SparkDQ

This is the code repository for the big data quality management paper titled 'SparkDQ: Efficient Generic Big Data Quality Management on Distributed Data-Parallel Computing'.

The project is based on Apache Spark, a unified analytics engine for big data. The Scala library for SparkDQ can be assemblied by maven.

The detailed setup and running methods are the same as an Apache Spark application.

Prerequisites

Git
Java 1.8
Hadoop 2.7.4
Spark 2.2.0
Python 3 with pip
Anaconda 3
Maven 3.5.4

When installing hadoop and spark, make sure that you have basic environment variables for them, such as HADOOP_HOME, SPARK_HOME and PATH.

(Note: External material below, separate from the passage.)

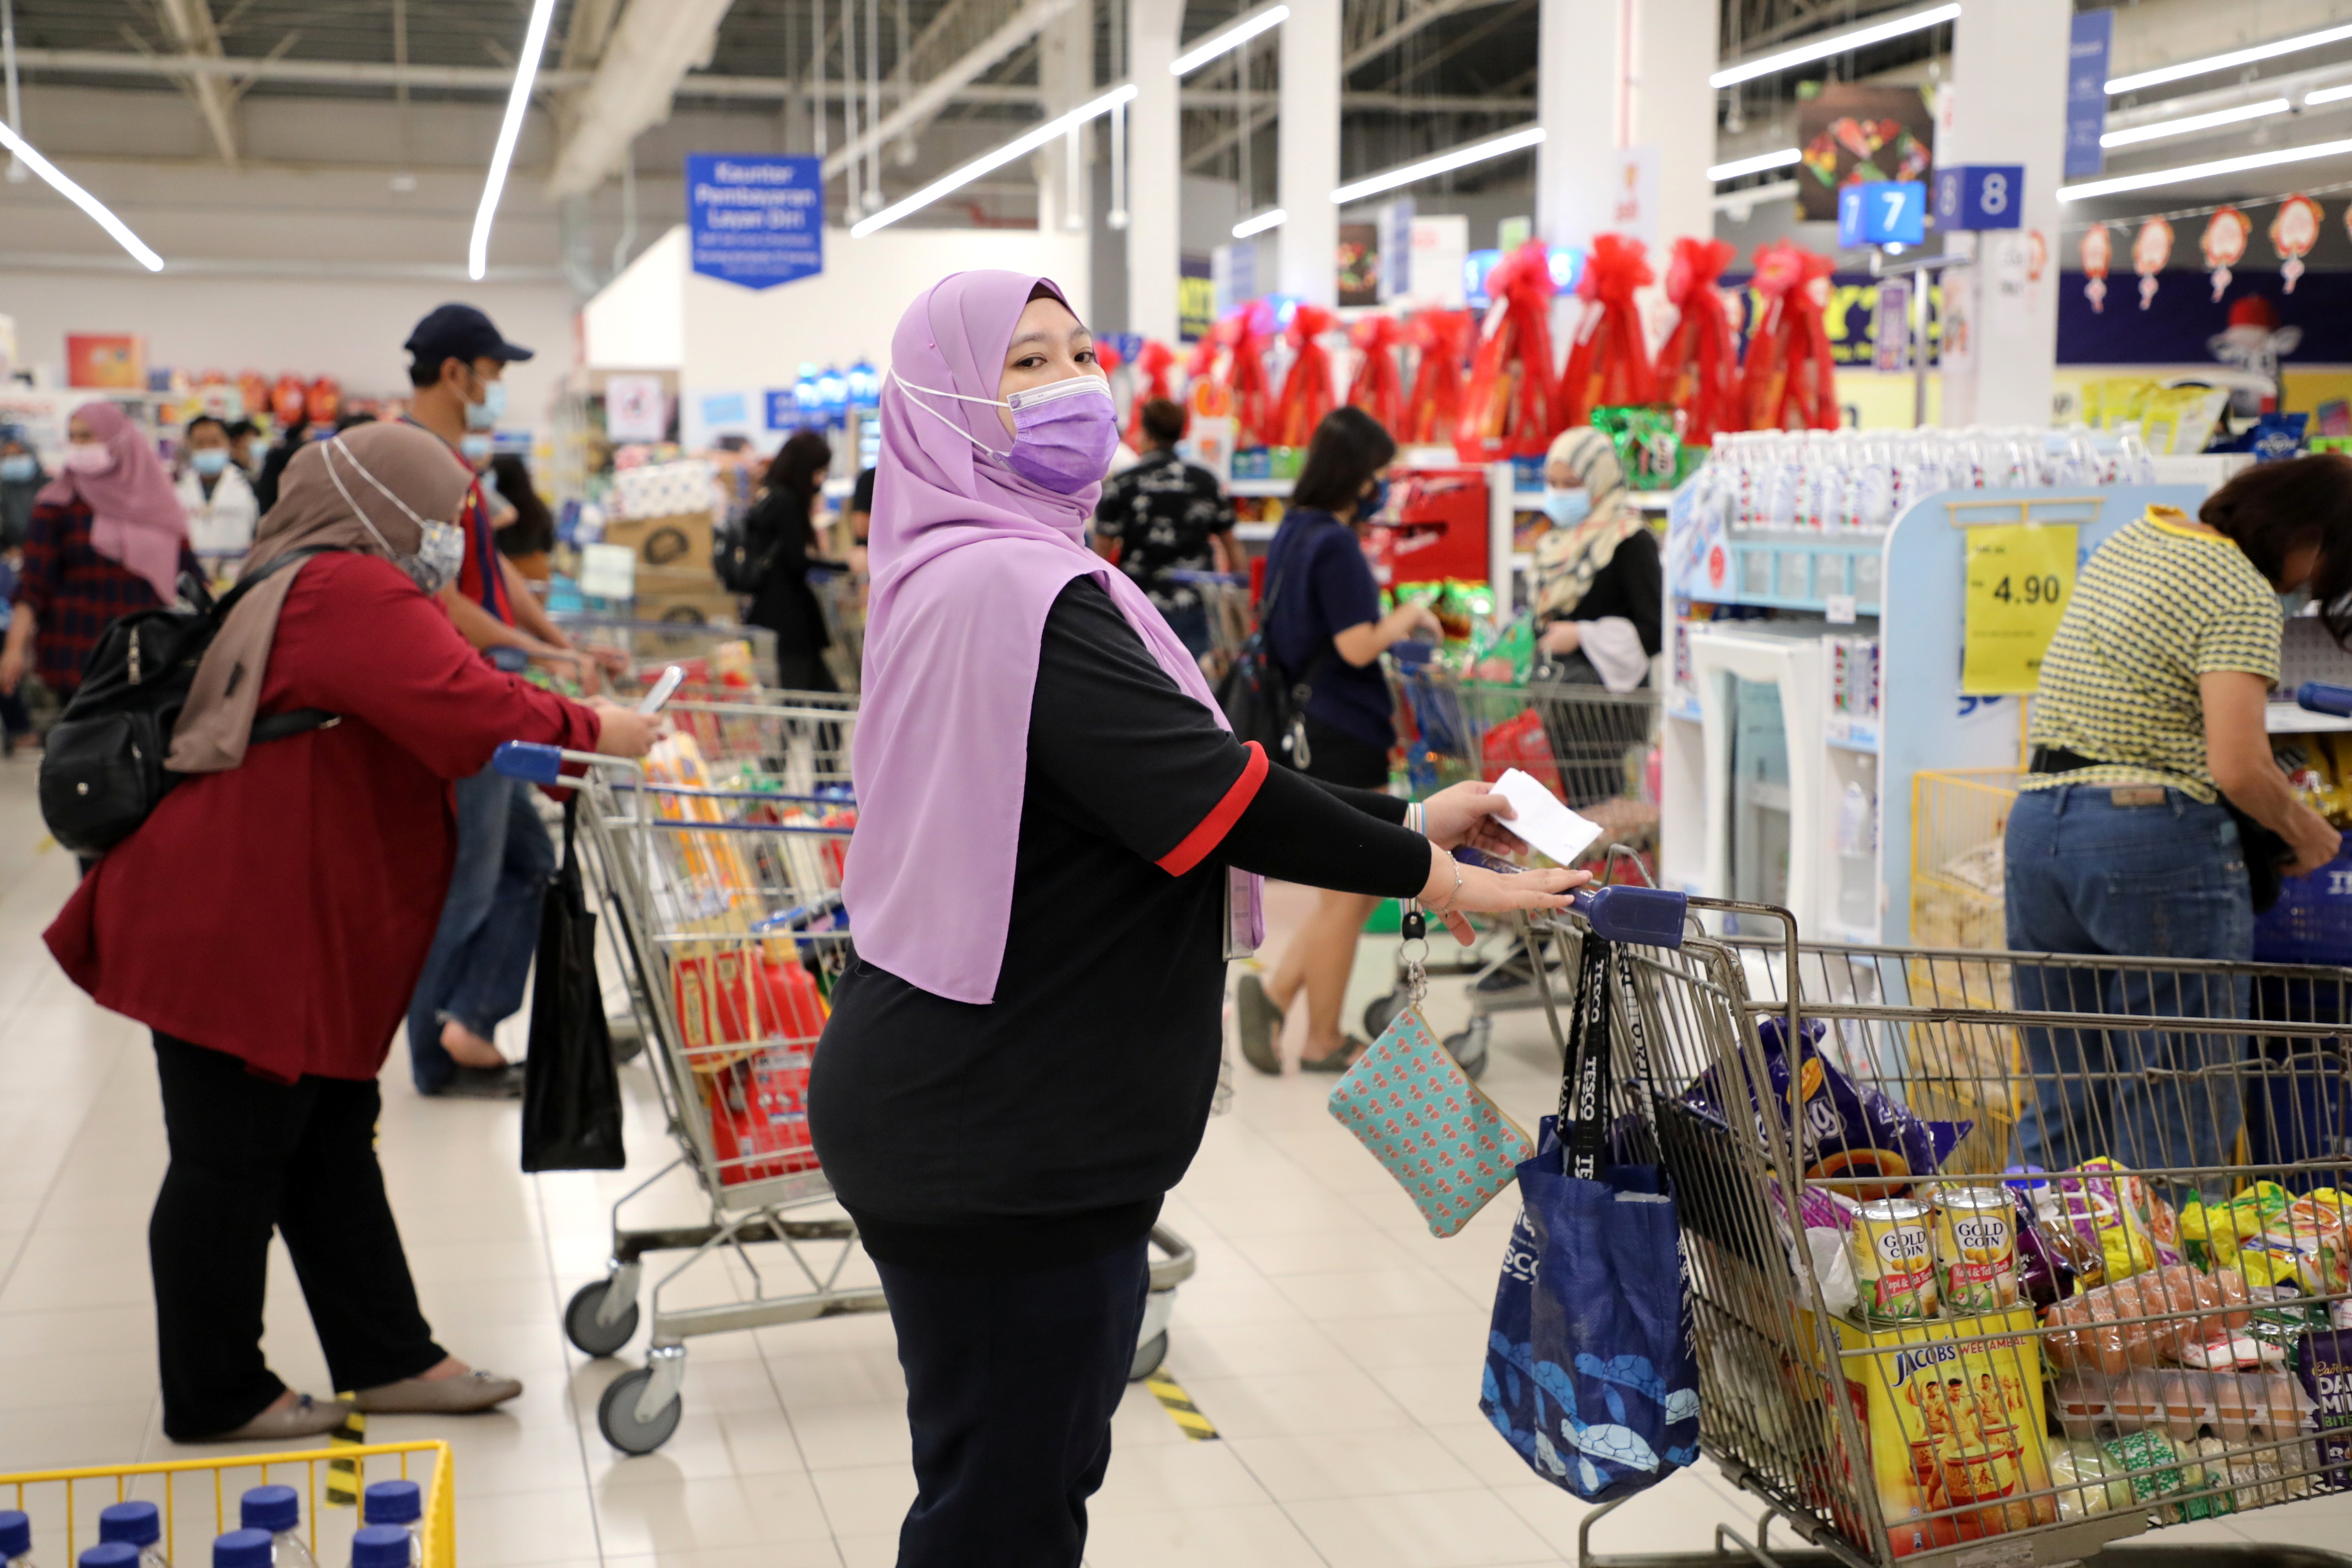 People line up to pay at a supermarket, amid the coronavirus disease (COVID-19) outbreak in Kuala Lumpur

To install SparkDQ, all nodes of your distributed cluster should be have an Anaconda environment.

Quick Start

The Scala library can be packaged with the command mvn assembly:assembly. Packaged JARs should be put in a Python application directory.

Clone source code

  git clone https://github.com/PasaLab/SparkDQ

Generate SparkDQ installer

  python setup.py sdist

An distributed installer could be found in dist directory.

Deploy SparkDQ in all nodes' anaconda environment

  pip install sparkdq-1.0.tar.gz

Prepare SparkDQ applications

SparkDQ presents a number of test applications in test directory. You can use them directly, or try to write your own application accordingly.

Test SparkDQ

SparkDQ presents an interactive webpage to import SparkDQ applications and run it. Launch Jupyter notebook like this:

  nohup $JUPYTER_PATH$ notebook > log.out 2>&1 &

You can see detailed log in the directory where you run this command.

After that, you can visit the webpage, like slave001:8888, and then import packages for tests. The default port is 8888. You can change it according to your requirements.